Things I didn't know, part 2: Different ways to join yarn

There are so many things that I don't know about knitting, and each time I think I have something sussed, I discover there's a whole selection of different techniques I haven't heard of. Take joining new yarn (at the end of a ball or for a colour change) as an example.
Different ways to join yarn
Selvedge: When I first started knitting, I only knew about knitting flat and joining yarn at the beginning of a row so the ends could be hidden in the seam. Simple. Except it wasn't quite so simple, because sometimes every scrap was precious and I didn't want to waste yarn that wouldn't make it to the other side of the work and so it joining in the midst of a row was necessary on occasion.

Double Yarn: When I started working in the round, seams were no longer an option but I didn't want to see the join or to weave-in ends on a visible section of a garment. I tried knitting both yarns double (with the ends in opposite direction) for a small section before switching to the new yarn, but this left one bulky row in the knitting, and there were still two ends to deal with.

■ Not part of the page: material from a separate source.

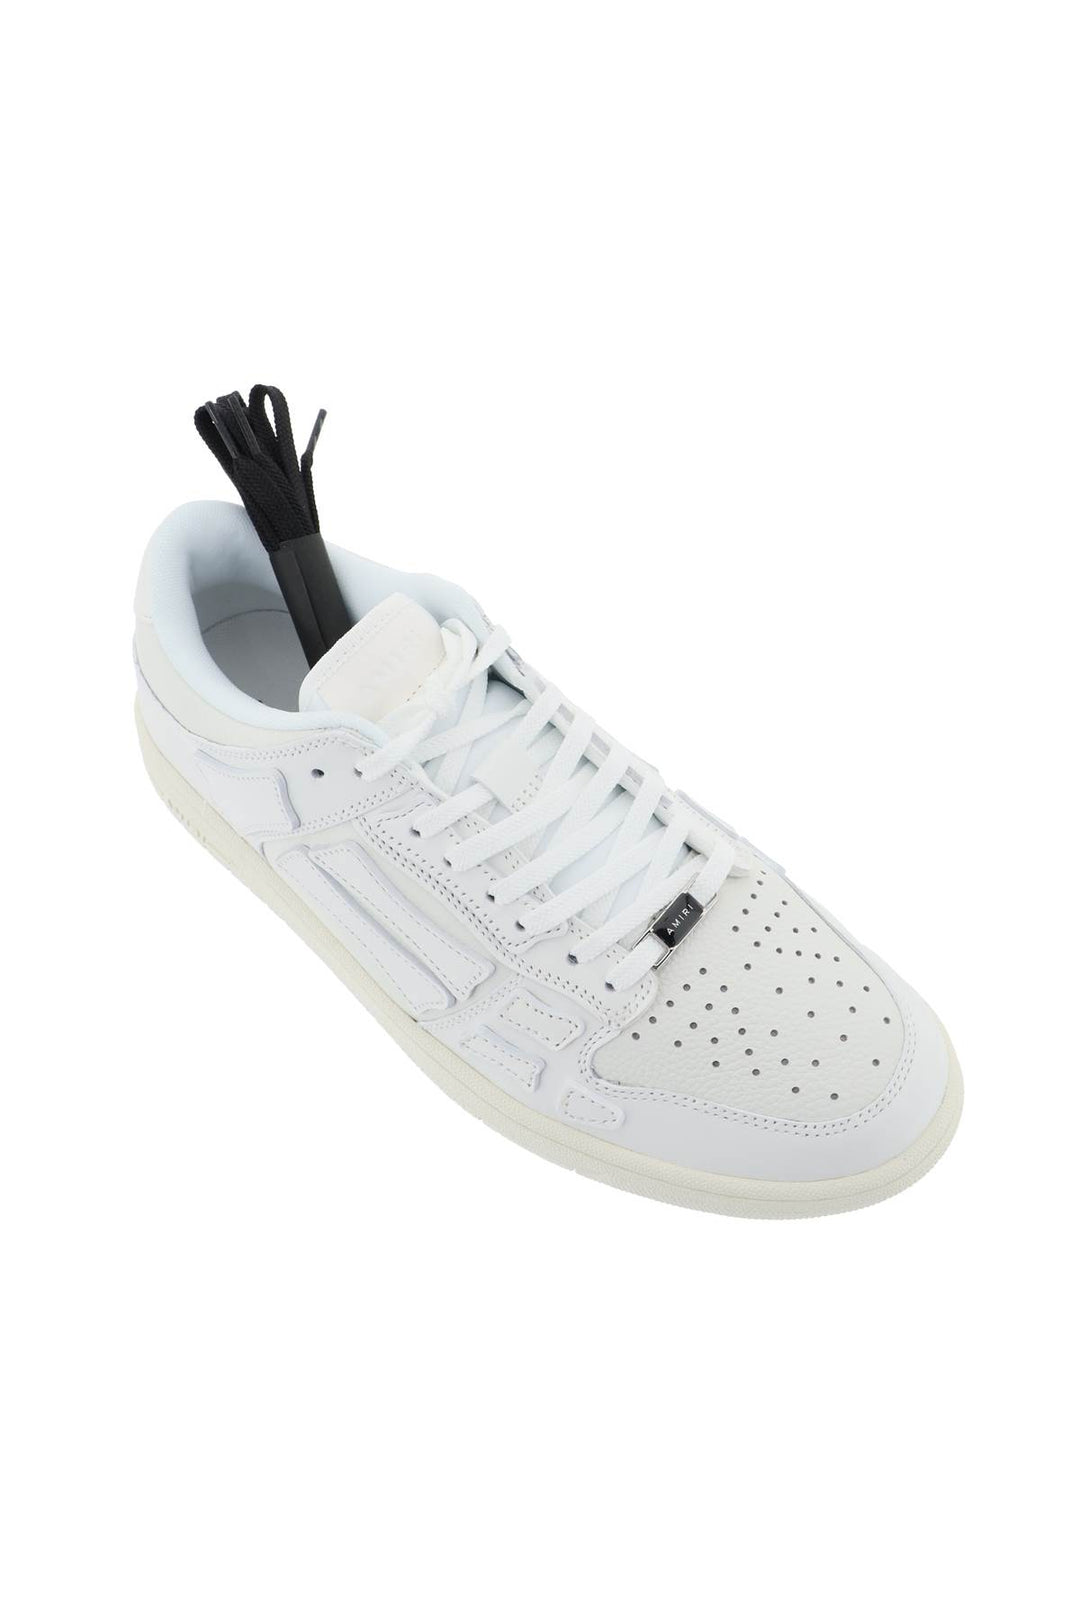 Sneakers Skel Top Low - Amiri - Uomo

Russian Join: Aware of my frustrations, a friend sent me the link to the Russian Join and I thought it was the perfect solution to my problem... 

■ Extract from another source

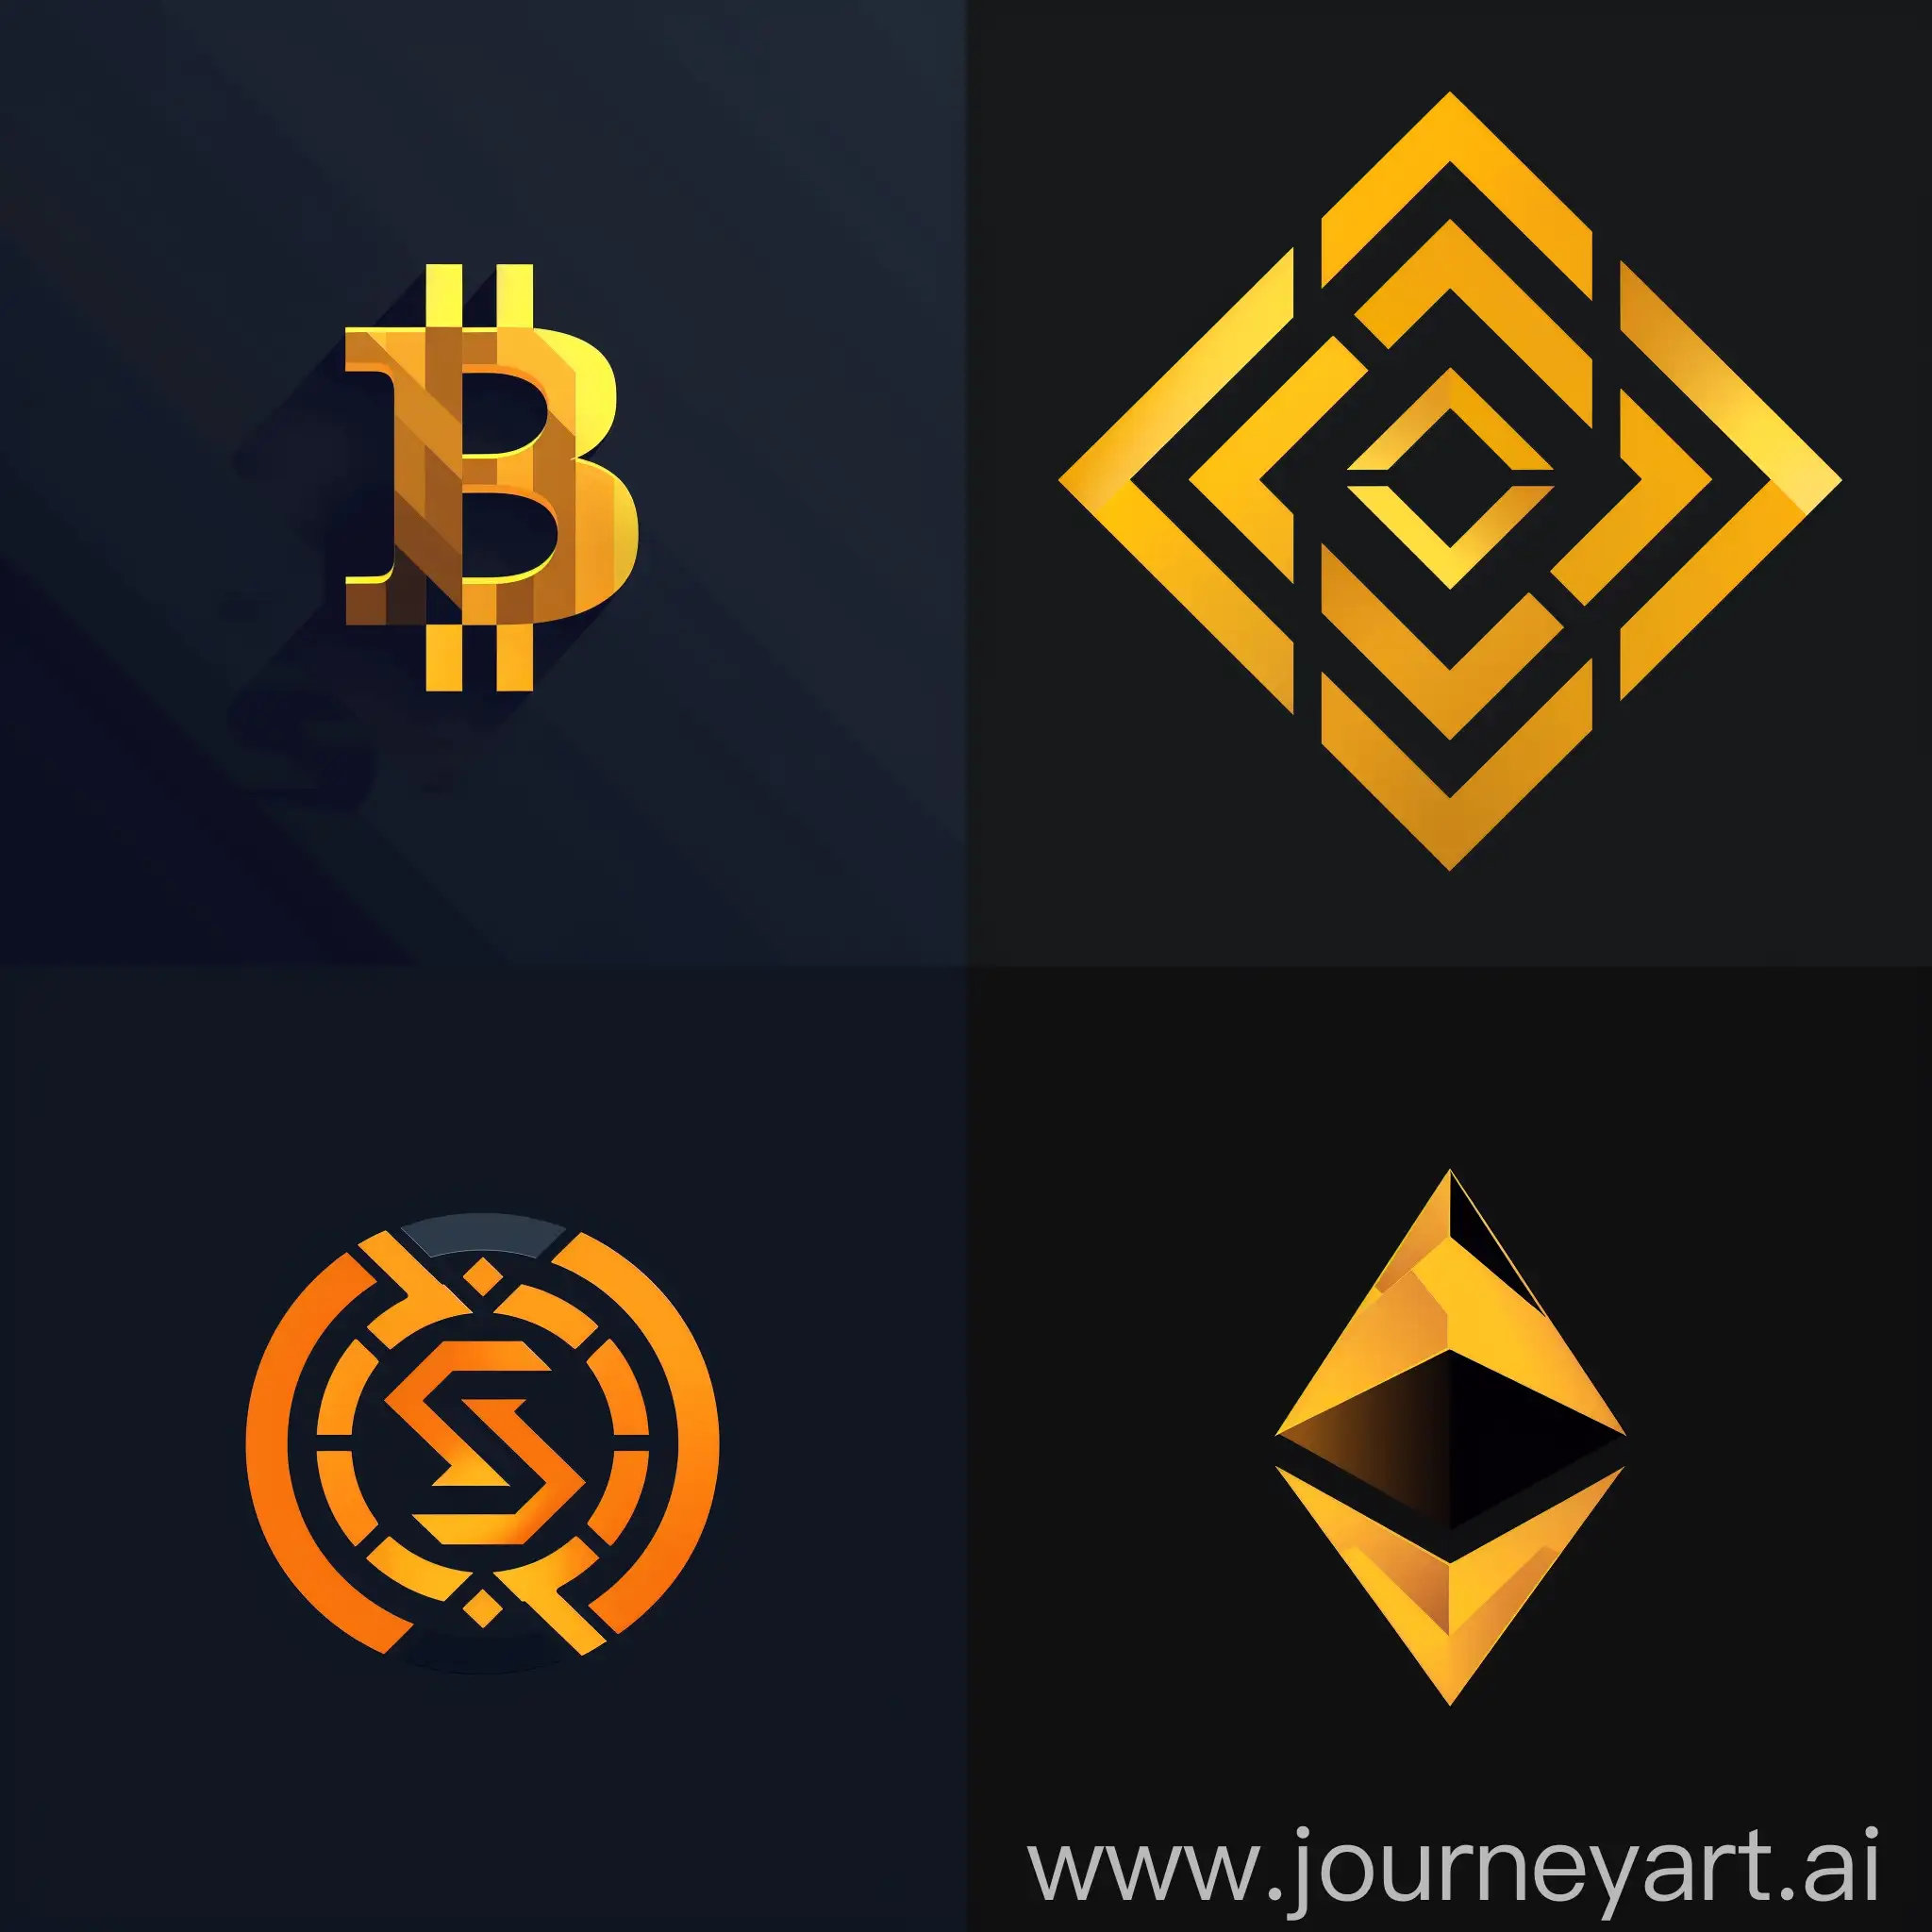 Modern-Crypto-YouTube-Channel-Logo-Design-with-Blockchain-Theme

... but the Russian Join isn't perfect for all yarns, and sometimes there isn't always a tapestry needle to hand.

Splicing: When I wrote about the Russian Join, a few readers recommended Spit Splicing wool yarns, which is essentially a felted join. I know some people love it, but I really don't like this one so much. Perhaps it's the spitting thing, or perhaps it's because it's really quite fiddly.

Double Knot: Last night, after spotting this cute scrap yarn pattern, I wondered what a "Magic Cake" could be, which lead me to the following video from Jane Richmond showing the 'Double Knot' or 'Magic Knot' method...

This looks super... but the comments on this video are quite varied. People seem to either love this method or hate it. It seems to depend on the type of yarn being used, whether it will be machine washed and how the fabric will be treated. I don't think I'd trust my thinnest handspun to this method, but can see that it would work for lots of other yarns and am keen to give it a try.

These days, when I have a knitting question I consult June Hemmons Hiatt for guidance and when I did this, discovered a few more options including the Twined knit tie-on (alternating stitches from each yarn rather than using both together as in double yarn variation, borrowed from Twined knitting) and Purl Inlay tie-on (borrowed from the purl inlay colour technique where the ends are weaved in as you knit).

It seems there are many methods, but not one that is suitable for every occasion. There is only one thing that does seem certain:
Unfortunately, no matter how you join the yarns or weave the ends into fabric, the last little bit may refuse to stay put because the fabric is stretchy. I have yet to find any solution to this short of acceptance - hide most of the end using whatever method you choose, and cut the rest off. 
June Hemmons Hiatt, The Principles of Knitting, p592 

So which technique do you use most often? Are there any you don't get on with? I'd love to know.


  1. Since I primarily use wool yarns, the felted/spit-splice join works just fine for me. You can use water, too, it doesn't have to be spit! But since discovering the magic knot recently it's become my favorite, especially for silk blends that don't felt together. I find the knot is barely noticeable in the finished fabric and it eliminates all ends and areas of double thickness.

  2. Double knot for me every time. I have tried splicing when using wool yarn but I just can't get it to work.

  3. I mostly use the double.knot method. Russian can be hard to weave in the end into the yarn.

  4. I knot myself, I can't use wool and like to machine wash things when I can and knots are stable

  5. I use Russian join even if the end doesn't always stay put. It's a lot more reliable than the double knot.